If the government wants you to expand, it has to leave you the necessary cash to do so. So the government might let you deduct the entire cost of that oven in the first year. You will owe no taxes immediately, and you will still have $1.5 million in the bank — the same amount your grandfather left you. You can expand to a second location in the second year and repeat the process.
But what if you don’t choose to expand? In that case, in the second year you will sell $1.5 million of bagels, incur $500,000 of expenses, earn $1 million for tax purposes (but only $900,000 for financial reporting, because of depreciation), and owe tax of $350,000. After 10 years, the government will have gotten the same tax revenue in either scenario. But by offering you an immediate deduction of the oven’s cost in the first year, it gave you the opportunity to expand your business sooner.
There is no subsidy involved. The government did not pay for any part of your first $1 million oven, or your second $1 million oven, or your third. You risked your own capital. The government merely waited for some of its money, in hopes of generating jobs and economic growth.
As I mentioned, the tax law contains both incentives and subsidies. The tax bill that President Obama signed last December renewed or extended many of these business incentives.
Such incentives no doubt play a role in executives’ willingness to invest in new equipment, as The Times suggests. Today’s low interest rates also are a factor, at least for companies that have access to the bond market or low-cost bank financing. Equipment costs can be easily quantified, and machines that are underused during an economic slowdown will wait patiently for business to pick up, costing little while they wait.

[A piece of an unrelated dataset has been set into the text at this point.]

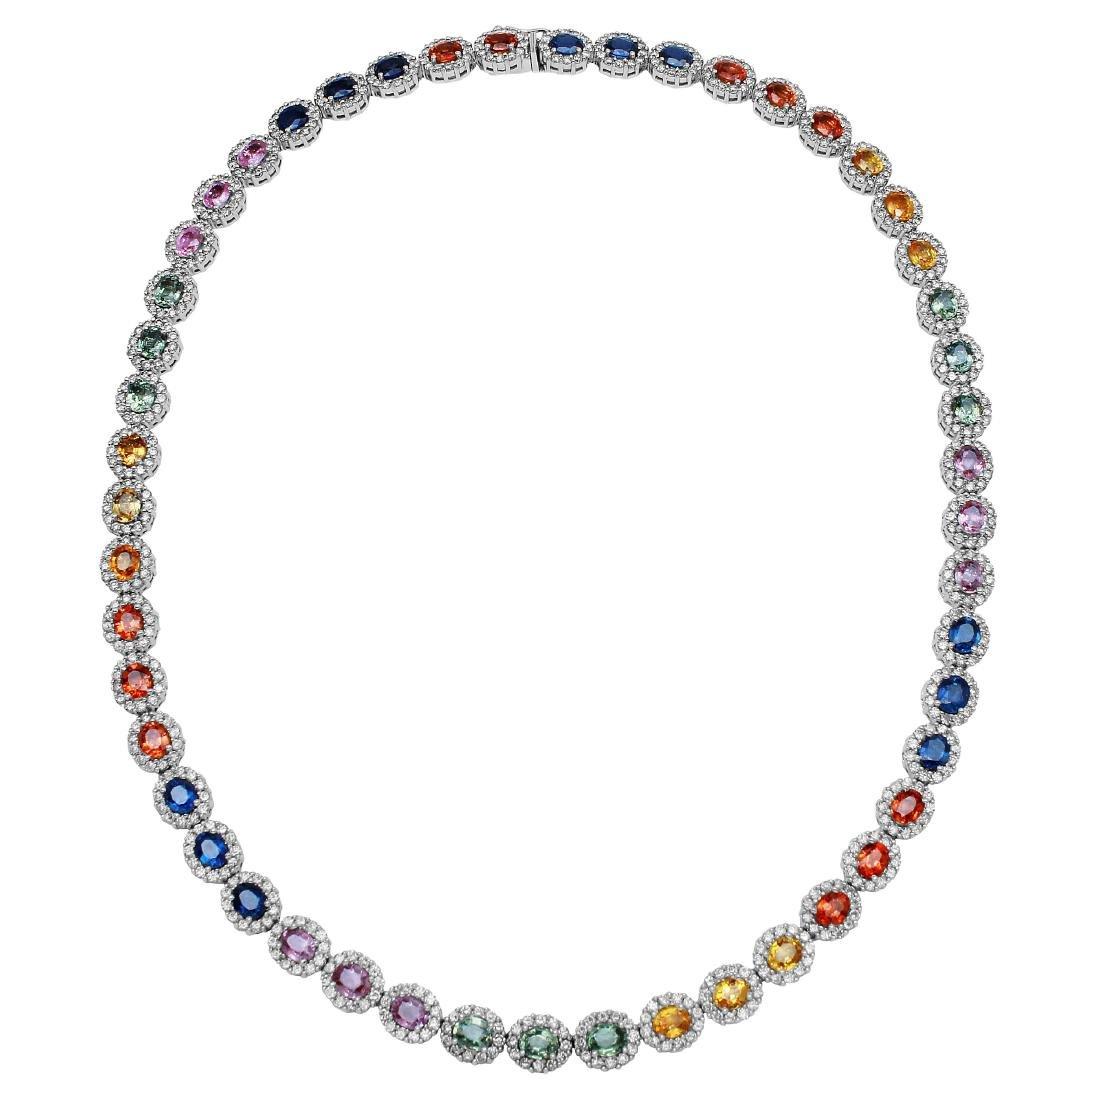 14KT White Gold Gemstone Necklace - 3

On the other hand, employees must be paid through a downturn, layoffs are expensive and disruptive, and future personnel costs, especially for health care, are much harder to predict. Not only does new equipment often reduce the need for labor, but managers have good reasons to feel comfortable investing in machinery before they invest in people.
So the fact that capital spending has picked up faster than hiring is not surprising. It is a function of where we are in the business cycle, with an economic expansion that has been slow and uncertain. Companies that are looking ahead to better times are ready to put some machinery in place today, but they’ll wait until growth prospects are more certain to bring staff aboard.